►
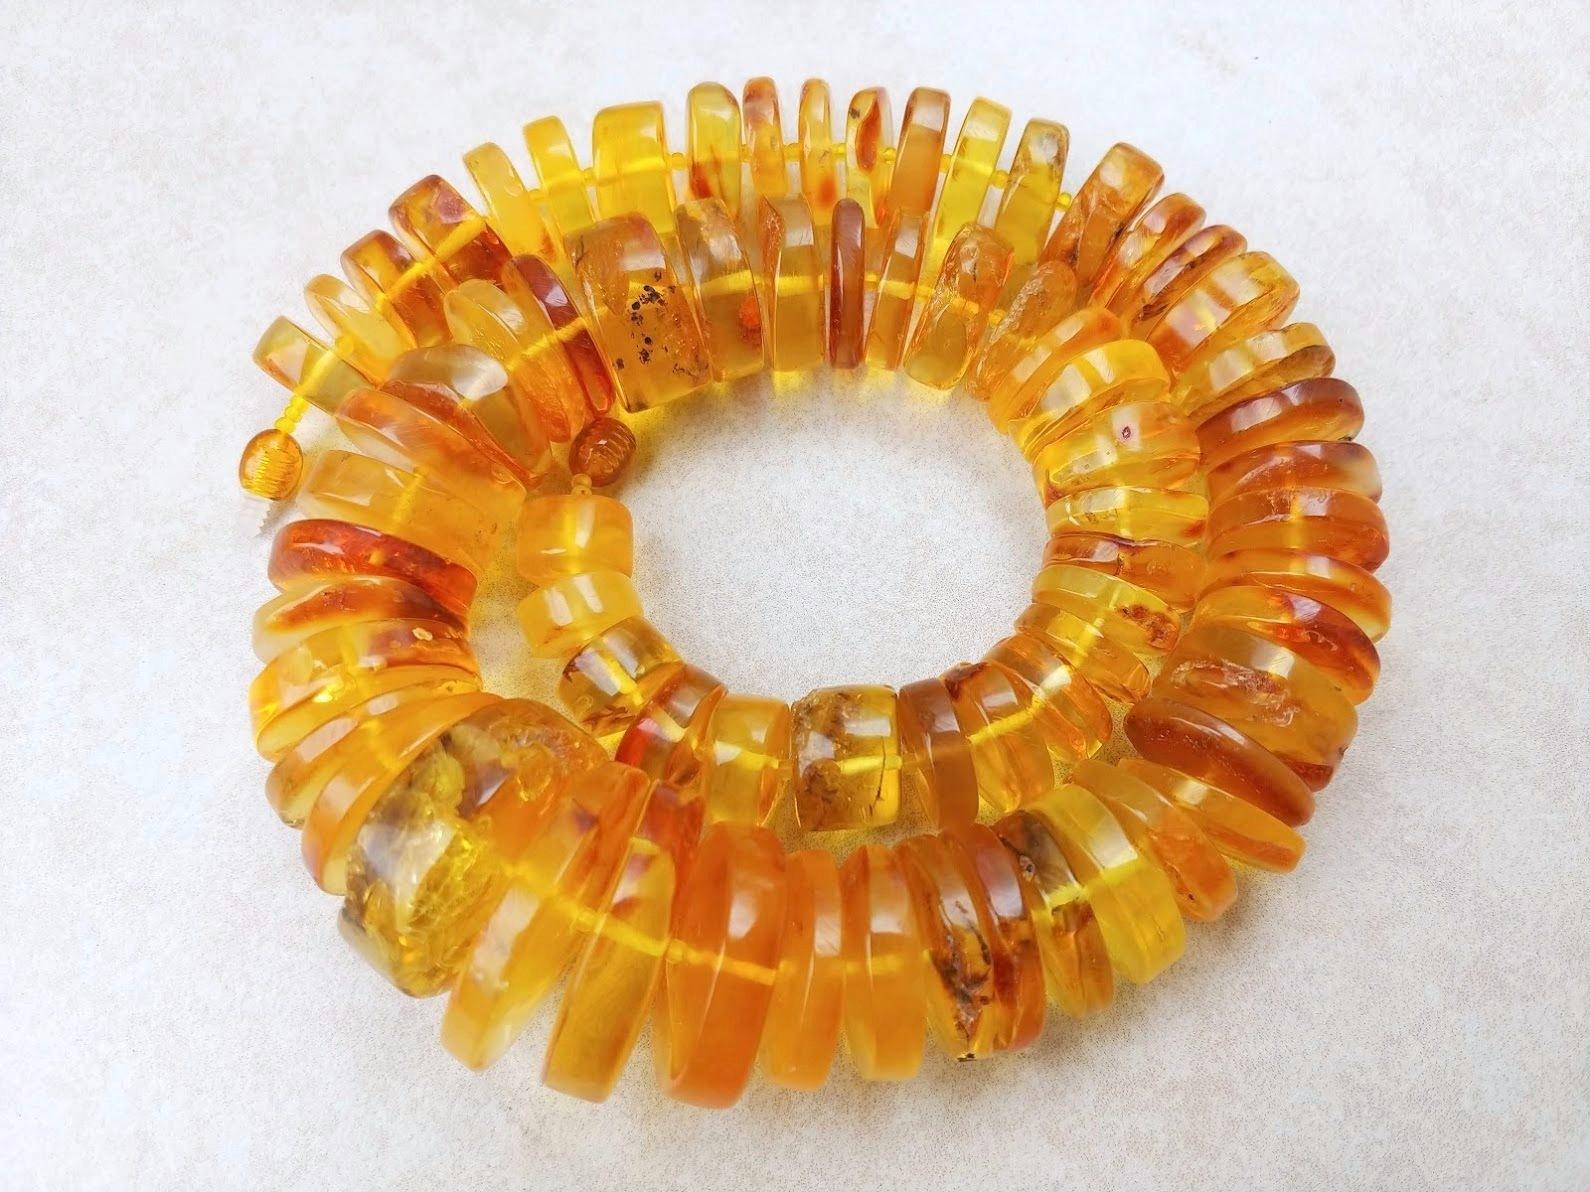 La longueur du collier est de 53 cm. Disques d'ambre baltique brut coupés en morceaux vivants. La taille varie de 15 à 32 mm.
La couleur de l'ambre est transparente, miel.
La couleur est authentique et naturelle.
Ambre de guérison de la Baltique
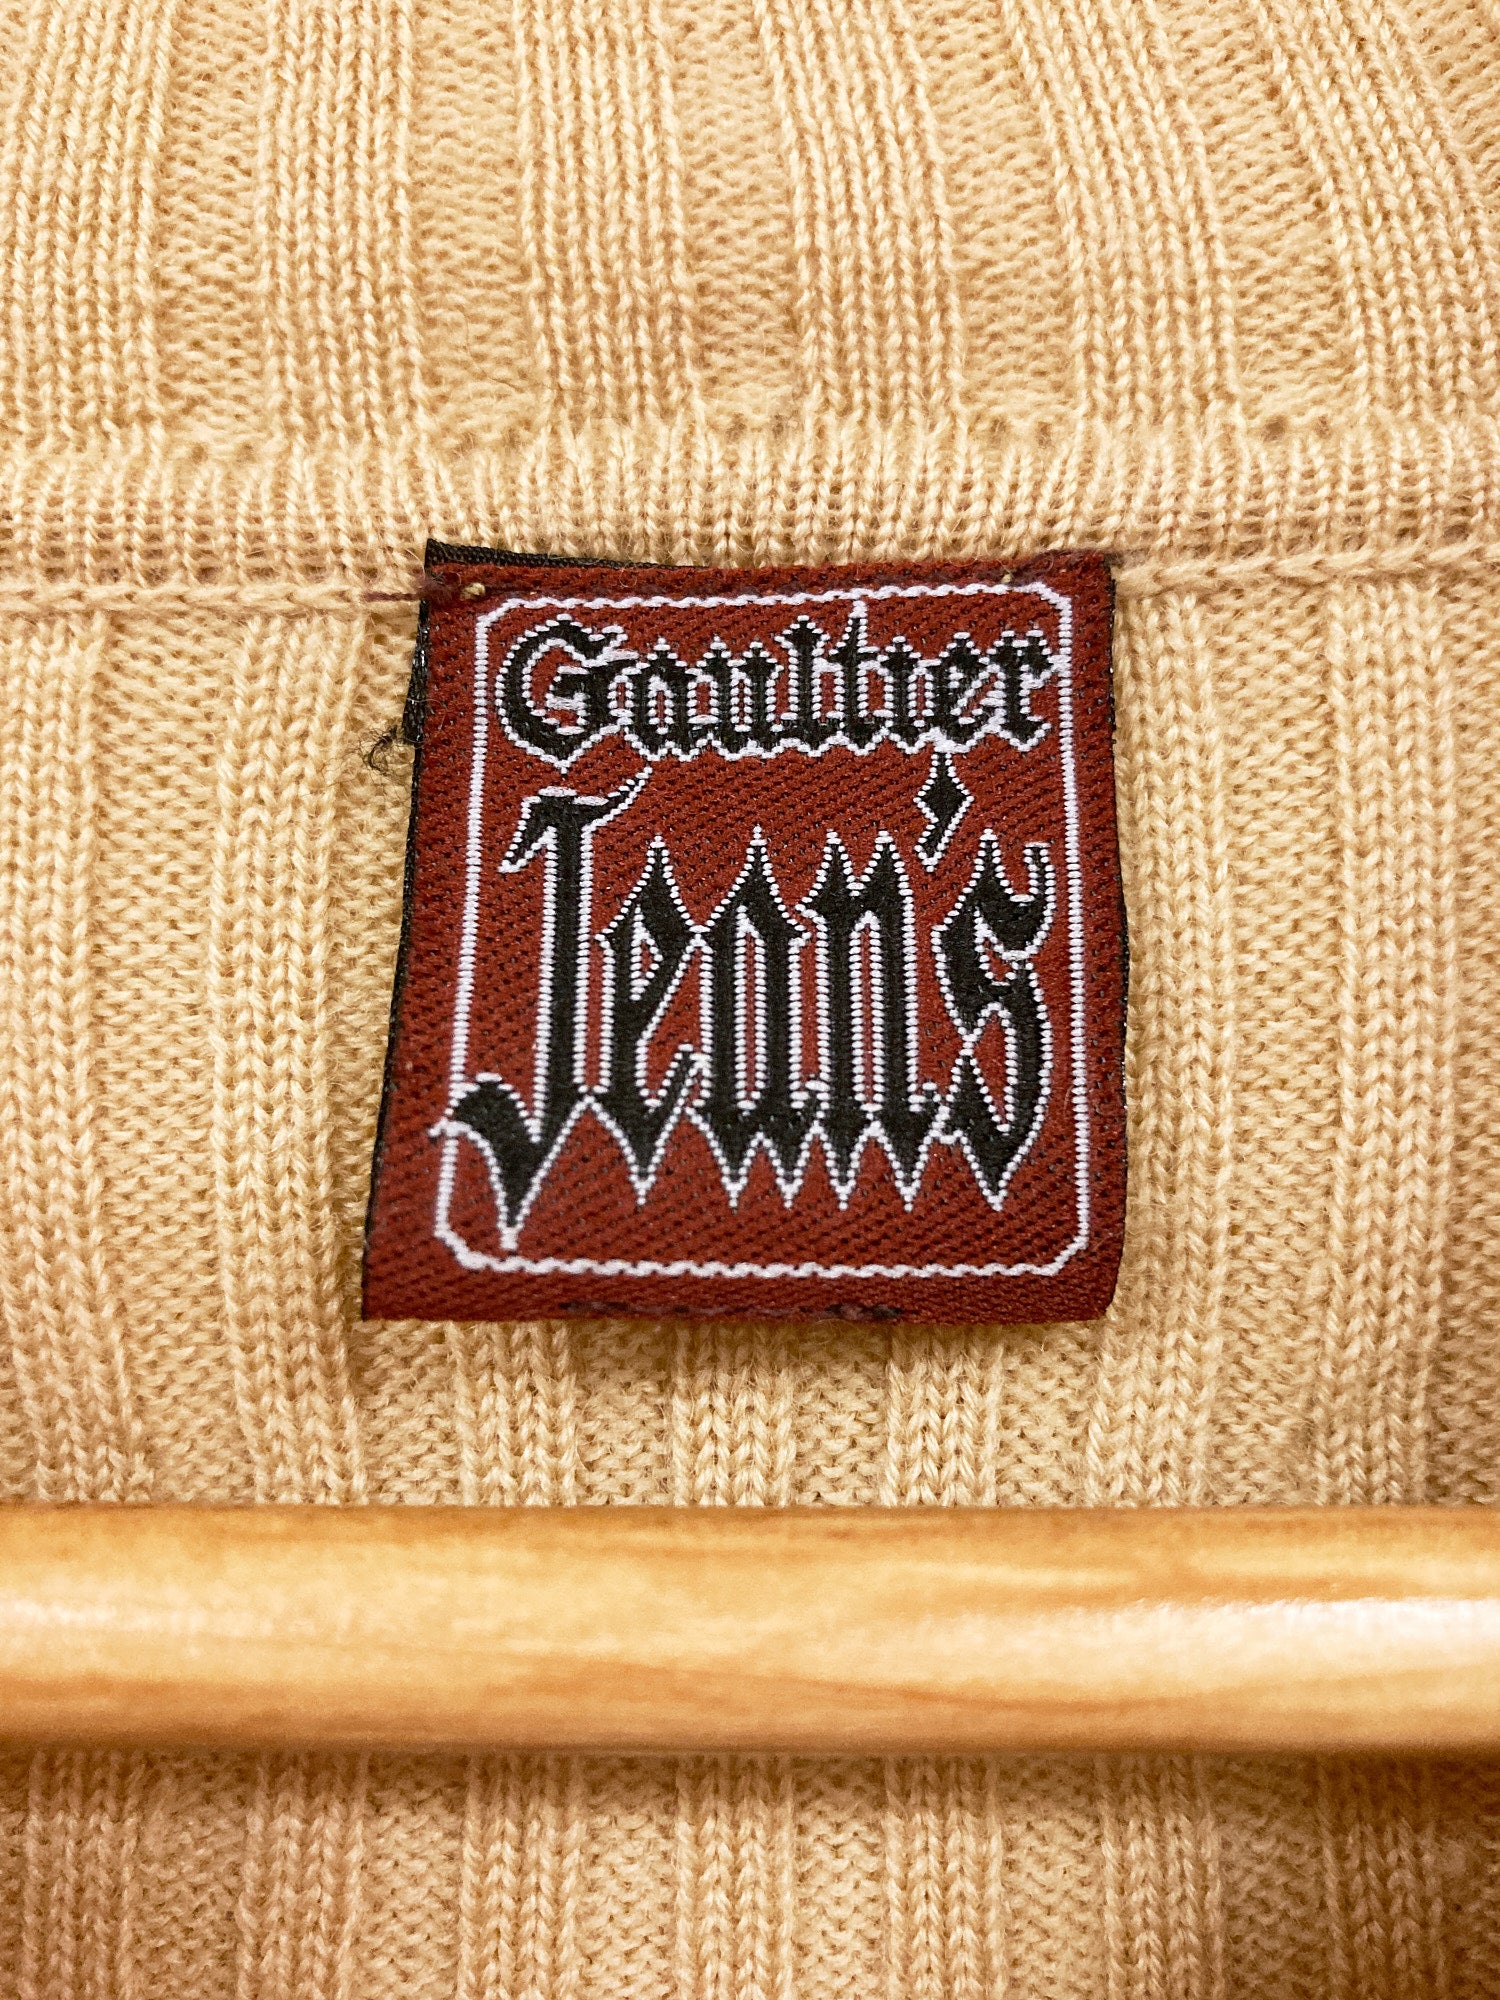 Jean Paul Gaultier Jean's beige wool rib knit zipped high neck jumper - size 48
◄
**Task item**
The lines holding the word "couleur" are the answer. Pull them out of the records and copy them.

**Task solution**
La couleur de l'ambre est transparente, miel.
La couleur est authentique et naturelle.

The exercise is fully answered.